Thanksgiving 2015: Eric and I decided to do something different this year. Instead of spending the weekend gorging ourselves, we had a quiet vegan thanksgiving dinner and then headed to George Washington National Forest for an easy 2 days of backpacking. Eric picked out the Duncan Knob Hike and we decided to combine this with a little out and back to Strickler Knob. Here’s what happened when Eric, Andrew, and I decided to opt outside.

Vegan Thanksgiving appetizers including lentil pate and a vegan cheese ball

Vegan Thanksgiving appetizers including lentil pate and a vegan cheese ball

Thanksgiving day was great. Eric went out for a long bike ride while I prepared some of our favorite vegan celebration foods. Highlights included lentil pate and beet wellington.
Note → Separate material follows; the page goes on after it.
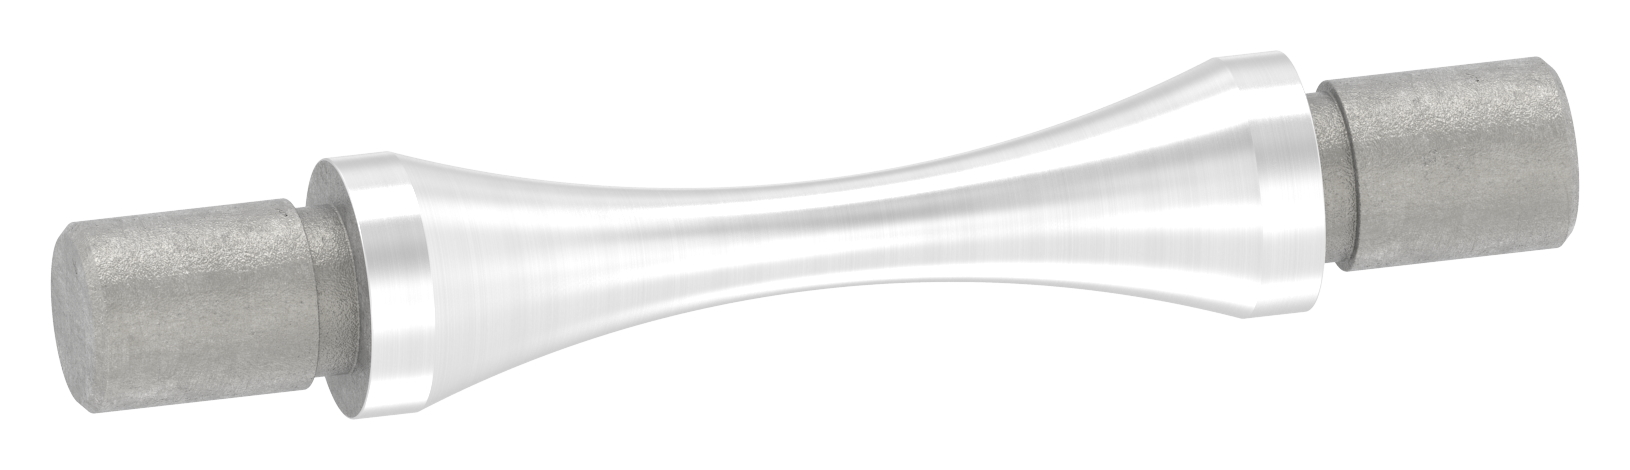 Rohrverbinder (à plier), für Rohr 12x1,5mm, V2A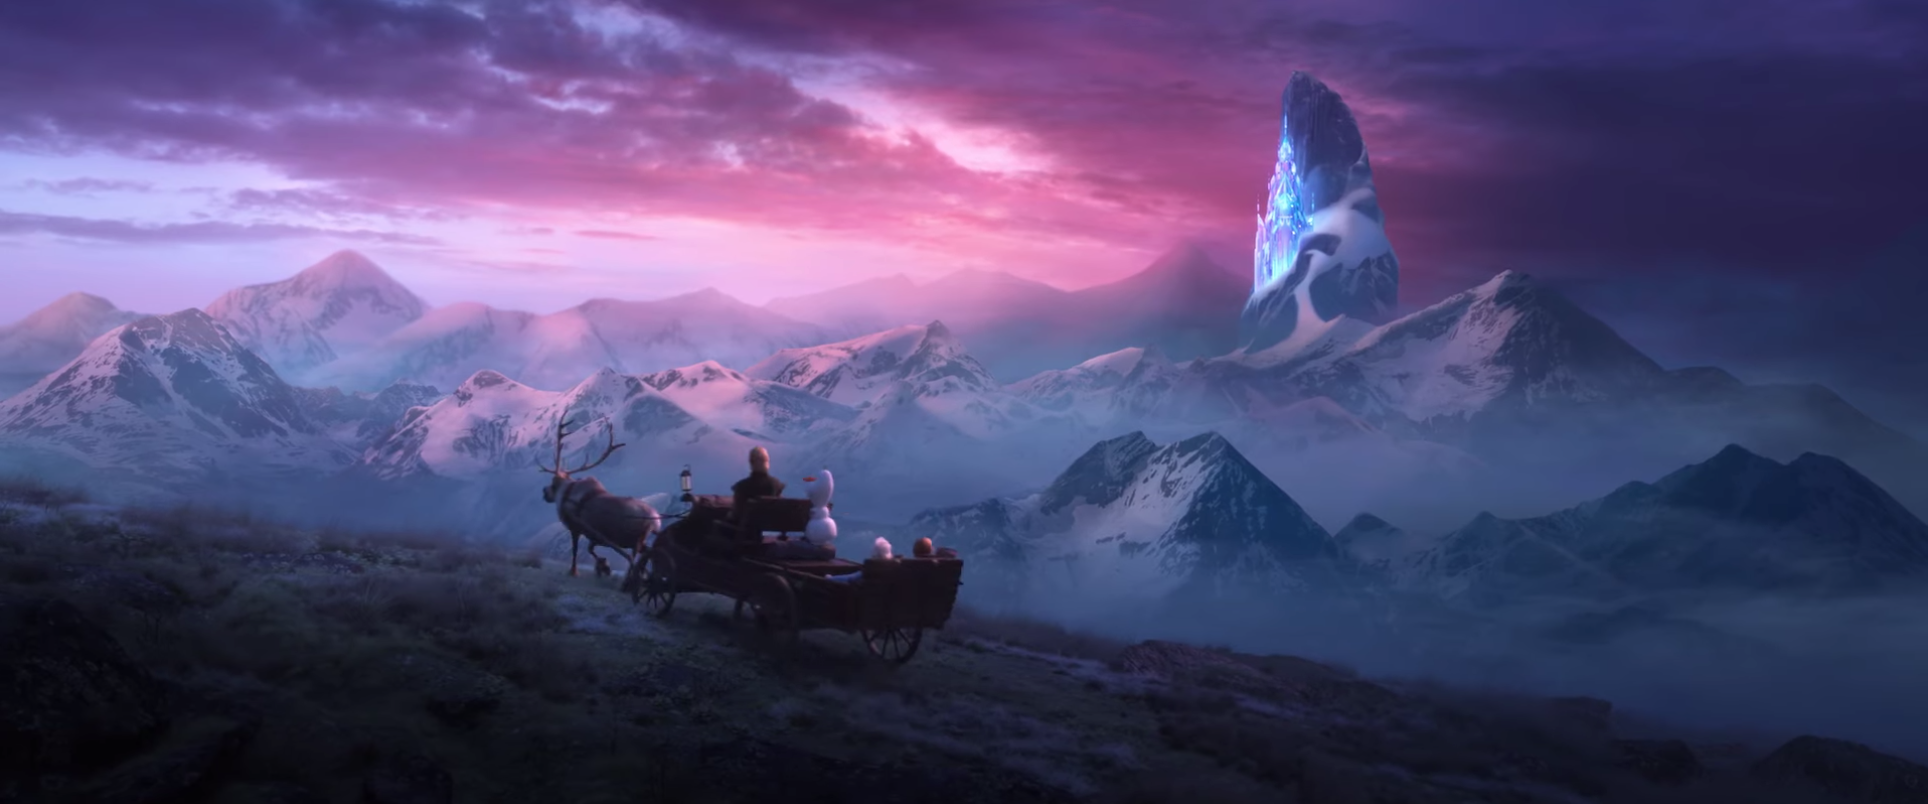 Frozen 2 tung trailer hoành tráng chẳng khác nào phim siêu anh hùng - Ảnh 5.

Felt like we had the whole forest to ourselves

Felt like we had the whole forest to ourselves

On Friday we slept in and had a lazy morning before driving about 2 hours to George Washington National Forest. We started at Crisman Hollow Road and began hiking the yellow blazed Scothorn Gap Trail. At the intersection, we veered right onto the orange blazed Massanutten Trail and stayed on that until we reached a great little backpacking site along a field. We set up camp while the sun went down.  We shared some laughs around the campfire before retiring for the night. The Duncan Knob loop is littered with great little backpacking sites. Each one seems better than the next. Some even have elaborate rock chairs built around the fire pit. Sites range from in an open field to along a cliff or next to a stream. You could go here dozens of times and camp at a different site each visit.

Sunrise along the ridge

Sunrise along the ridge

We woke up before sunrise to try to hike out to Strickler Knob to see the sun rise over the ridge line of the Shenandoah Range. We continued along the Massanutten Trail until we reached the unofficial trail out to Strickler Knob. It  is technically a bushwhack, but it is pretty well marked with pink and red tape. There are some difficult rock scrambles to get out to the end, but the view is well worth the effort. There are many campsites along this unofficial trail right along the cliff-side.

We made it!

We made it!

Taking in the view

Taking in the view

Next, we backtracked to get back to the Massanutten Trail. We walked down into the valley before climbing back up to get to the blue blazed Gap Creek Trail. We stopped at a few campsites to snack along the way and we also saw a bear cub in the trees! Thankfully we did not encounter Mommy Bear.

The scramble to Duncan Knob

The scramble to Duncan Knob

To get to Duncan Knob, we took a right onto the white blazed trail off of the blue blazed Gap Creek Trail. This leads you 0.3 miles up a boulder field to get to the view point. It is somewhat difficult to follow the blazes in the scramble, but as long as you stay along the ridge line you should be able to pick it back up again. The campsites along the white blazed trail were some of the most elaborate ones along the whole loop. Next time, I’d like to stay at one of these.

View from Duncan Knob

View from Duncan Knob

Duncan Knob provides another great view. Although, we all agreed that we enjoyed Strickler Knob a bit more. From Duncan Knob, we headed back along the yellow blazed Scothorn Gap Trail to our car parked at Crisman Hollow Road. This whole loop is only about 12 miles so it is great for an overnight beginner trip. We only saw one possible water source along the trail, so I recommend just carrying all of the water that you think you will need. You can also keep water in the car ready for when you get back. We saw virtually no one else on the trail the entire trip in late November, but I imagine that this loop can get pretty busy in the summer months. The trail offers some challenging climbs, descents, and rock scrambles, but the highlight of this loop is definitely the view. What are you waiting for? Get outside!